AC: Se pensi ai prossimi dieci anni, quali sono i progetti che vorresti realizzare?
TE: In futuro voglio esporre con Munch, con Rodin, vorrei fare un progetto in una grotta, vorrei fare degli interventi nella natura, vorrei lavorare ancora molto con il bronzo, anche su dimensioni molto più grandi. Sto realizzando un progetto di arte pubblica a Sydney in Australia. È un grande progetto per il quale ho realizzato degli uccellini in bronzo. Non mi interessa tanto il progetto di arte pubblica in sé, quanto seguire il mio lavoro e vedere che dimensioni assume, capire quanto sono in grado di lavorare sulle grandi dimensioni. E non ho intenzione di andare in uno studio per lavorare con software 3 D, ma di fare io il lavoro, per capire se sono in grado di farlo fisicamente.

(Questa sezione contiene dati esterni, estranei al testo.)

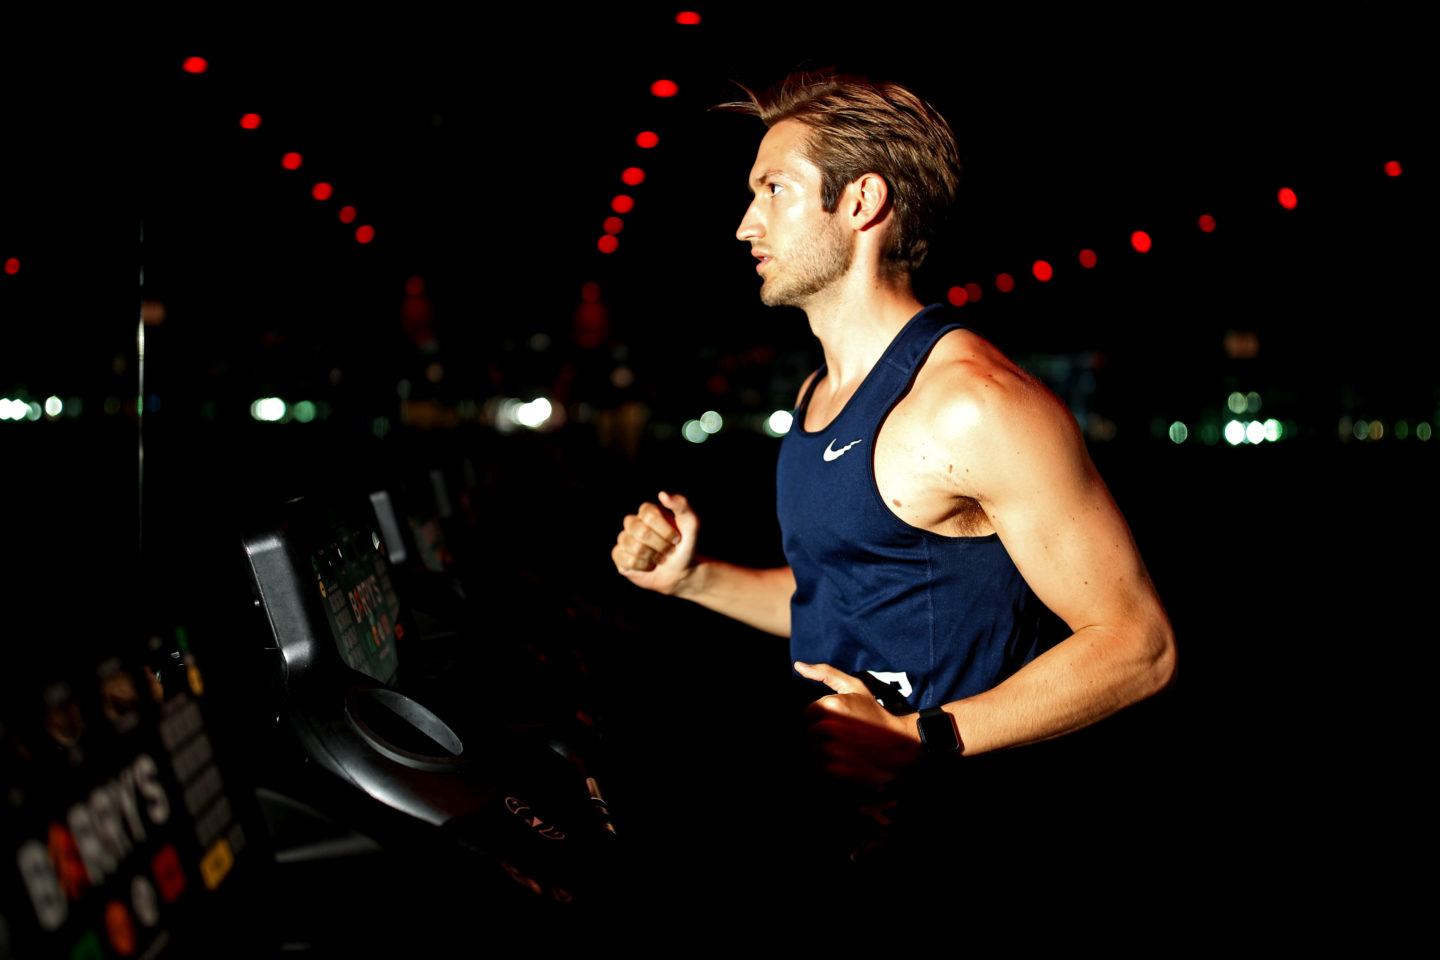 Man in a navy tank top running on a treadmill

AC: È un confronto che dal mondo esterno conduce al mondo interiore.
TE: Esatto. Quando ero più giovane ero colpita dal mondo esterno. Ora mi interessa la mia interiorità. Questo dialogo con gli artisti appartiene alla mia interiorità. Dipingere mi rende sempre felice. Ho un piccolo studio in Francia, ed è fantastico, ogni piccola cosa che realizzo lì funziona perfettamente. L’arte mi dà la felicità, per altri magari possono essere altre cose: gli amici, gli amori, la famiglia…per me la felicità è nell’arte.